## Required work
An exact transcription is needed of the lines below from the one with "Red Corduroy Christmas" through the one with "Woo Casino Games", with no other lines and no pictures.

## The input
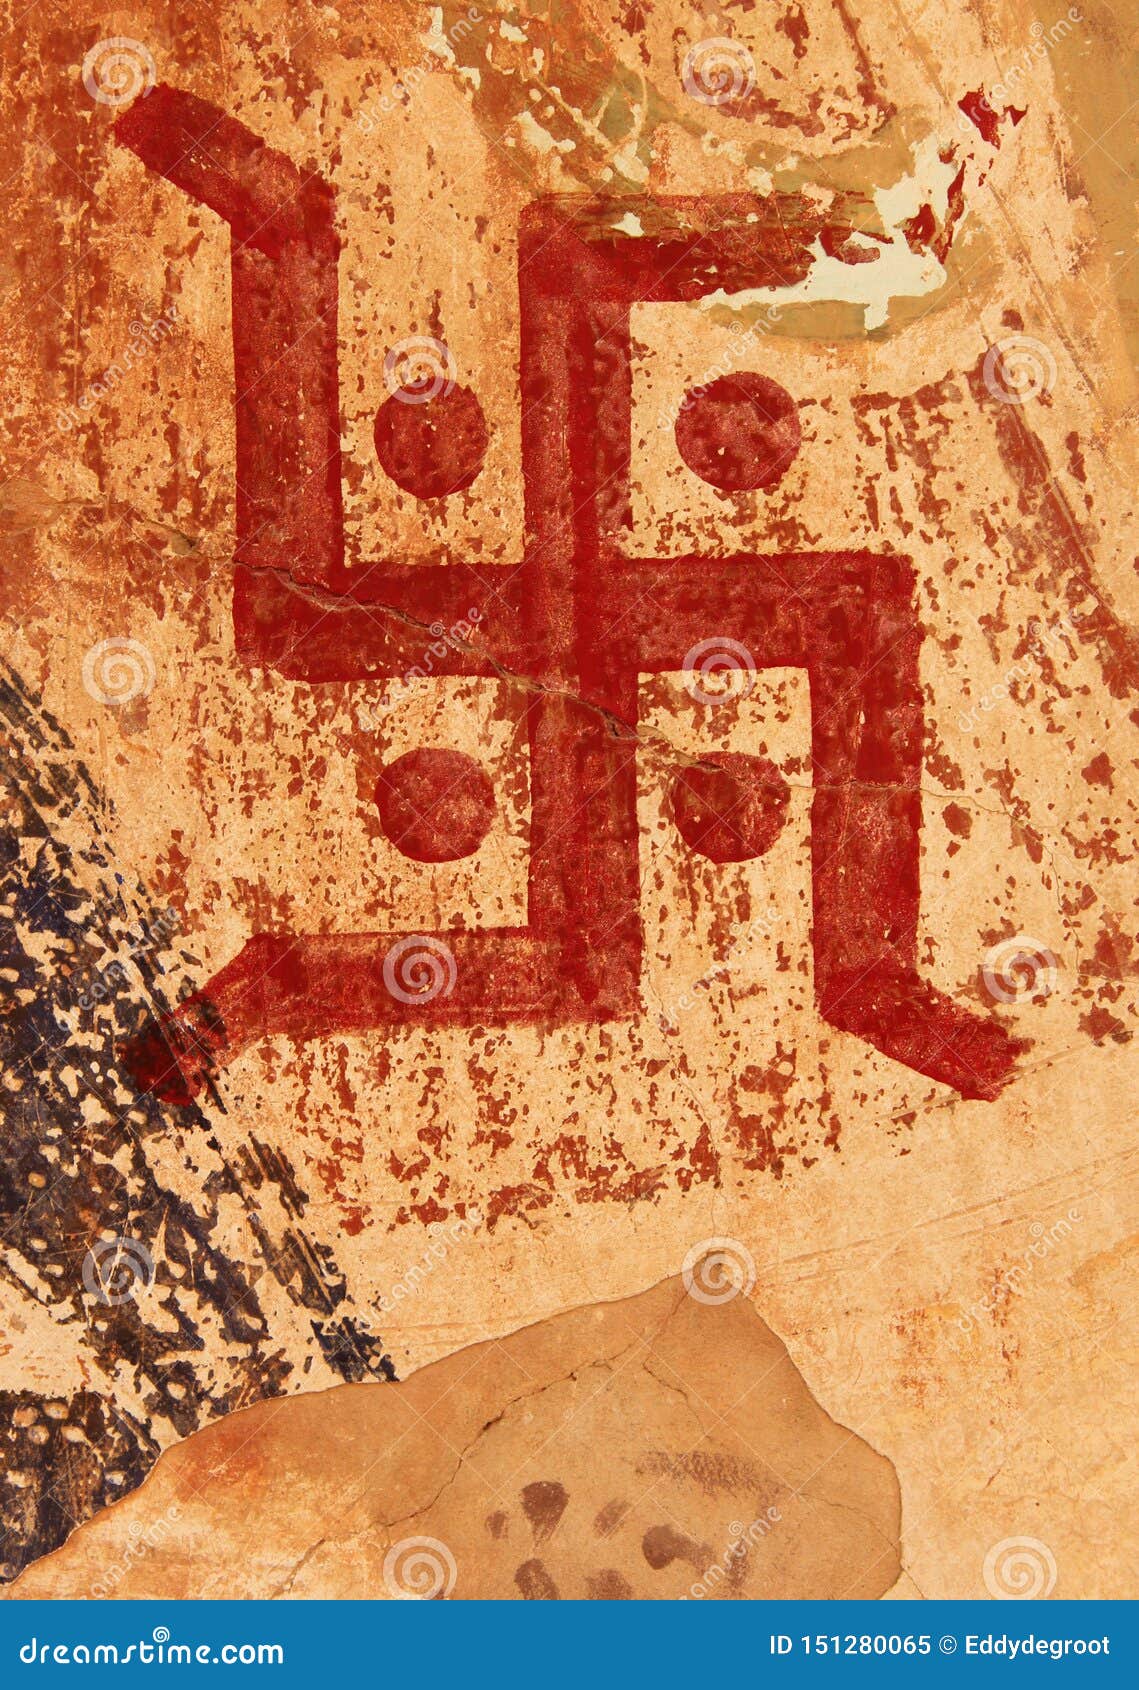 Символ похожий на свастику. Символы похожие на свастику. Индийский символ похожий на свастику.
...
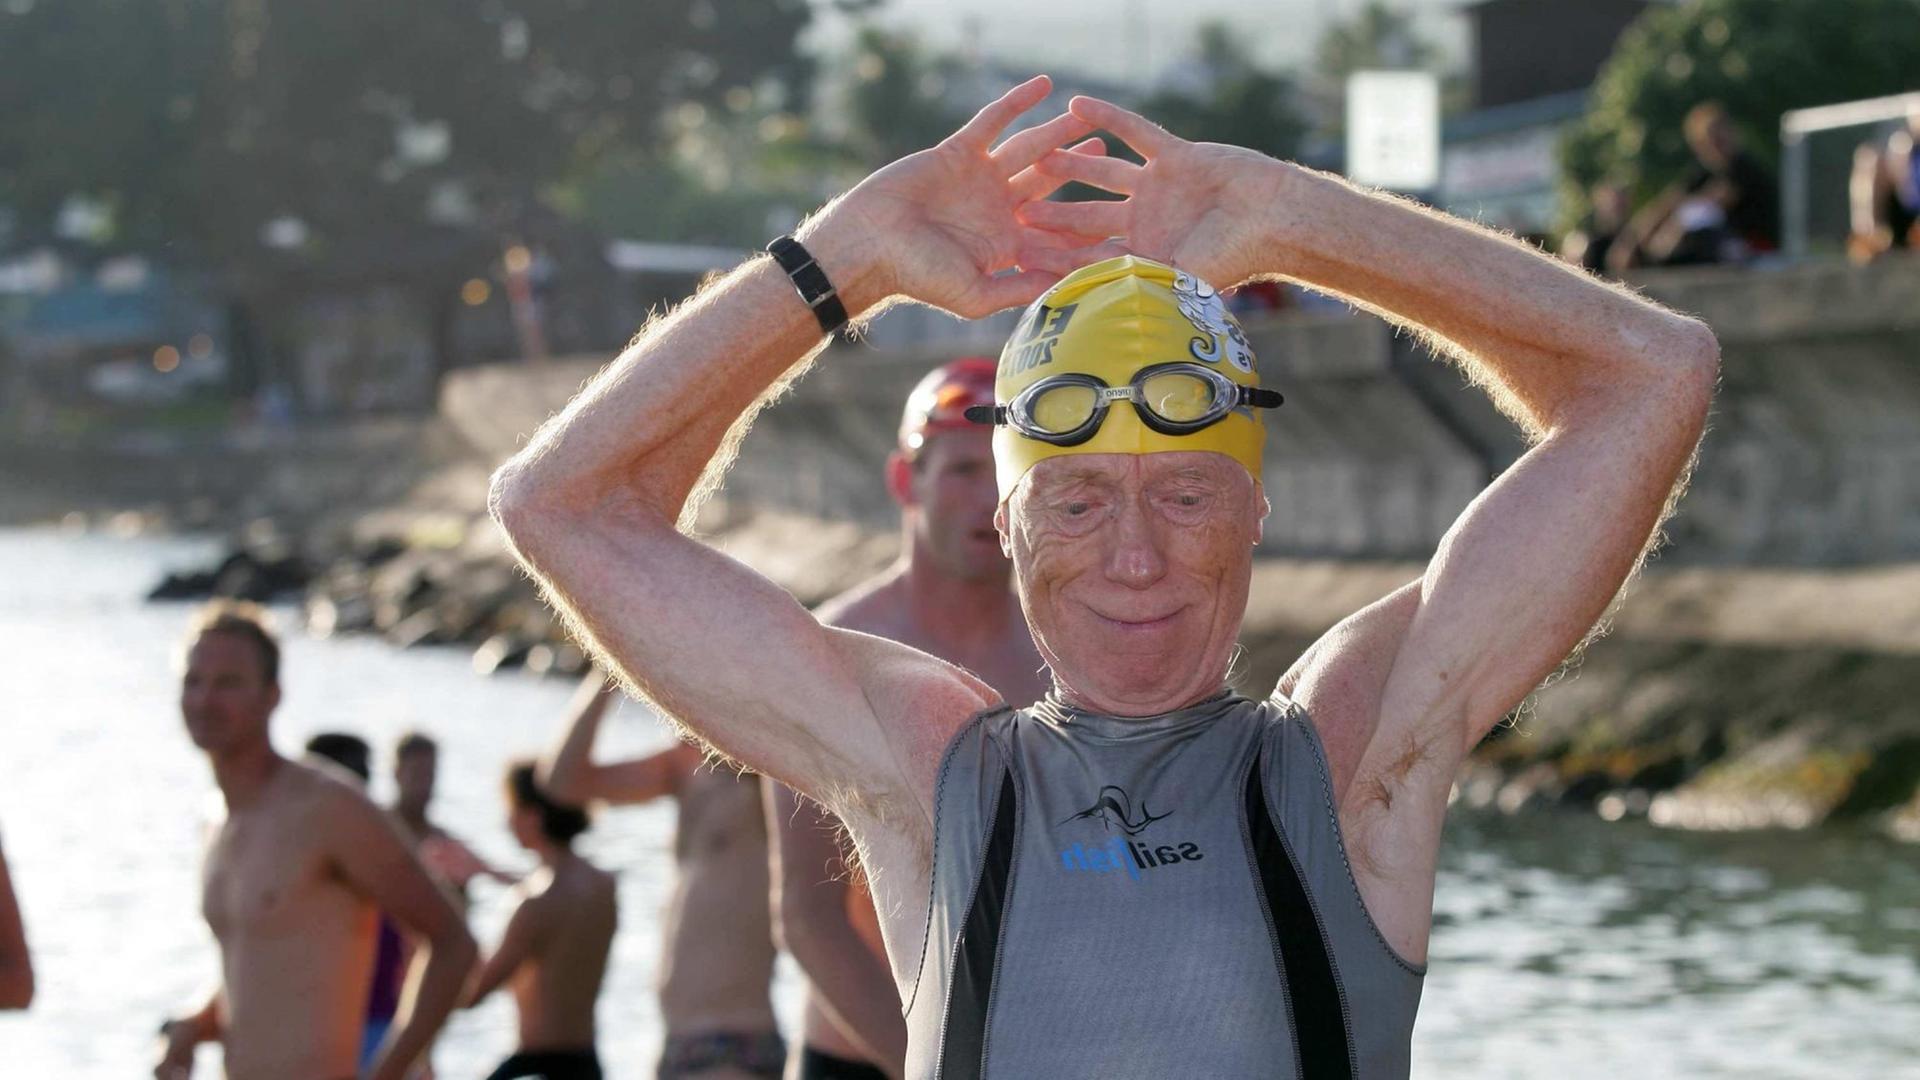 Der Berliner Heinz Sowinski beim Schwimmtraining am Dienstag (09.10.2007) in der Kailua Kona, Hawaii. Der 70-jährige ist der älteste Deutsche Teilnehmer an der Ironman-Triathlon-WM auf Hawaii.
---
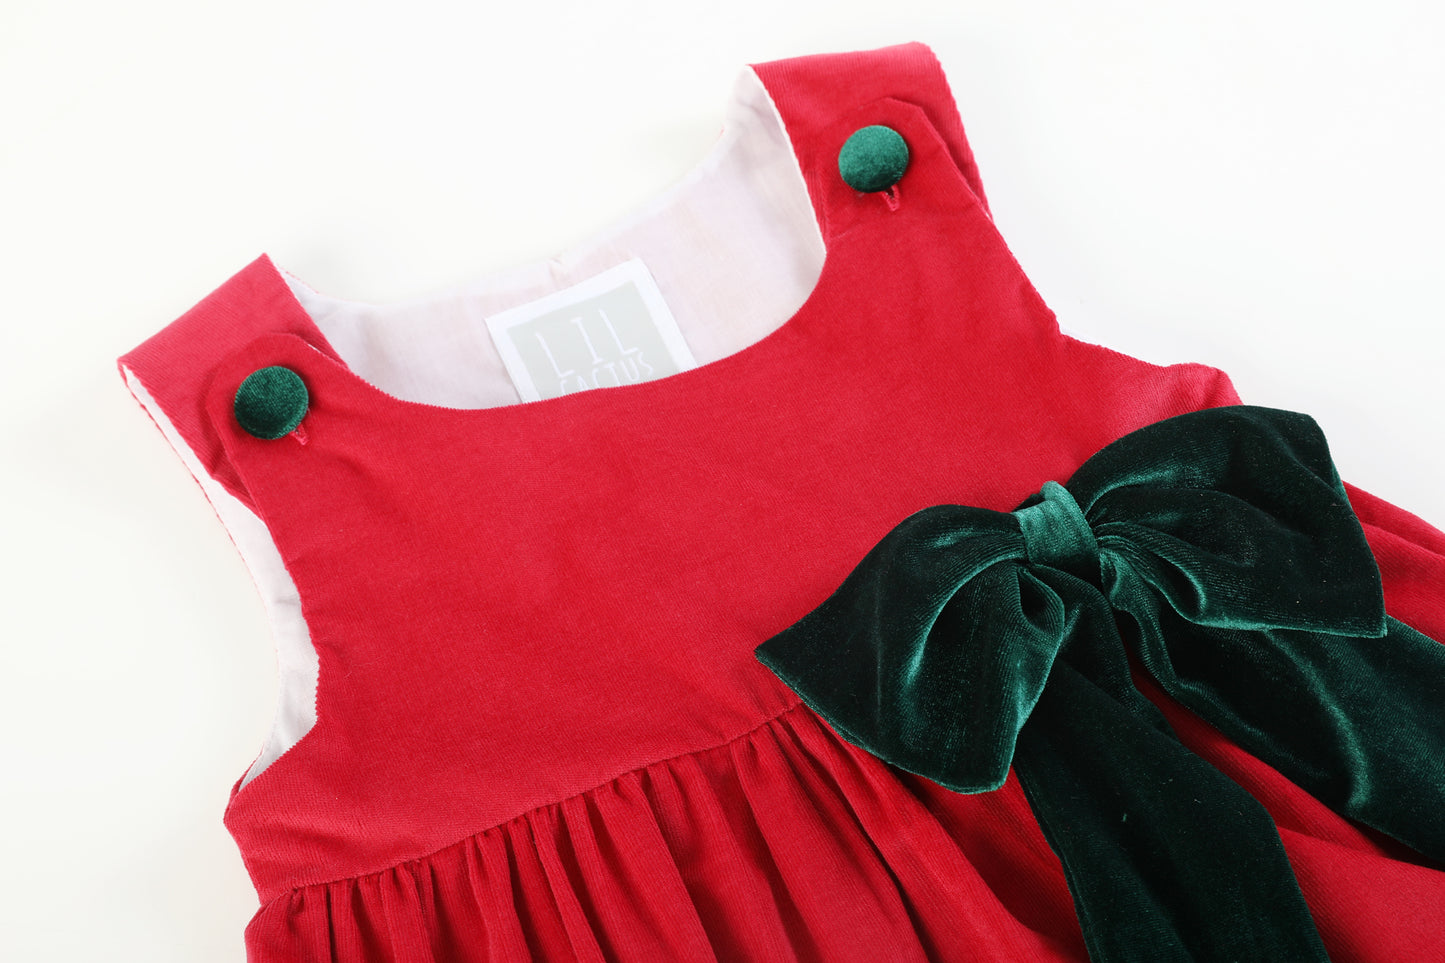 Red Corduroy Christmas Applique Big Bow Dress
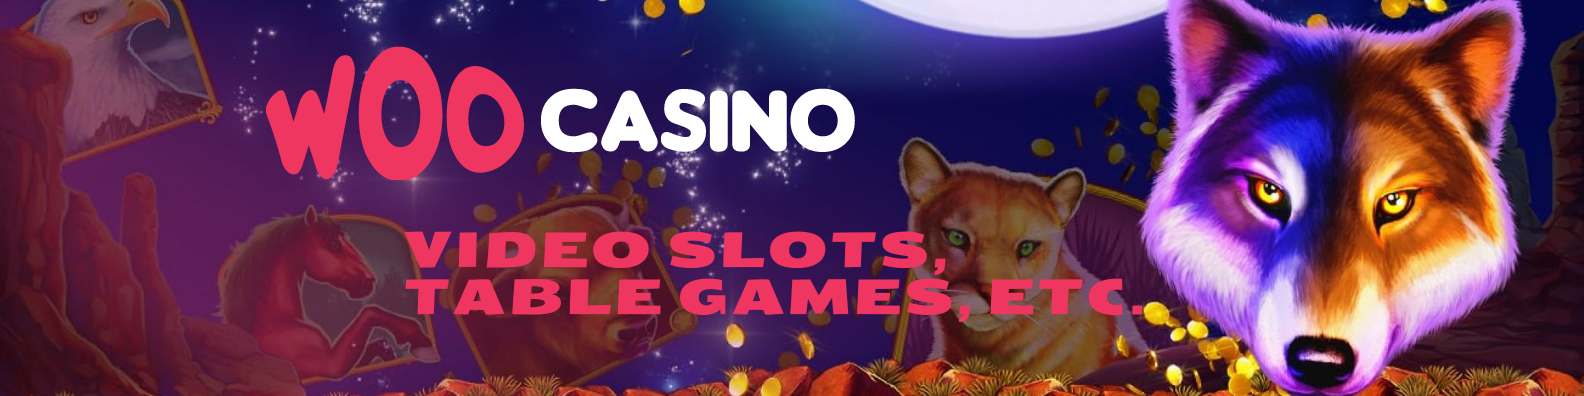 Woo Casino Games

## Answer to this task
 Red Corduroy Christmas Applique Big Bow Dress
 Woo Casino Games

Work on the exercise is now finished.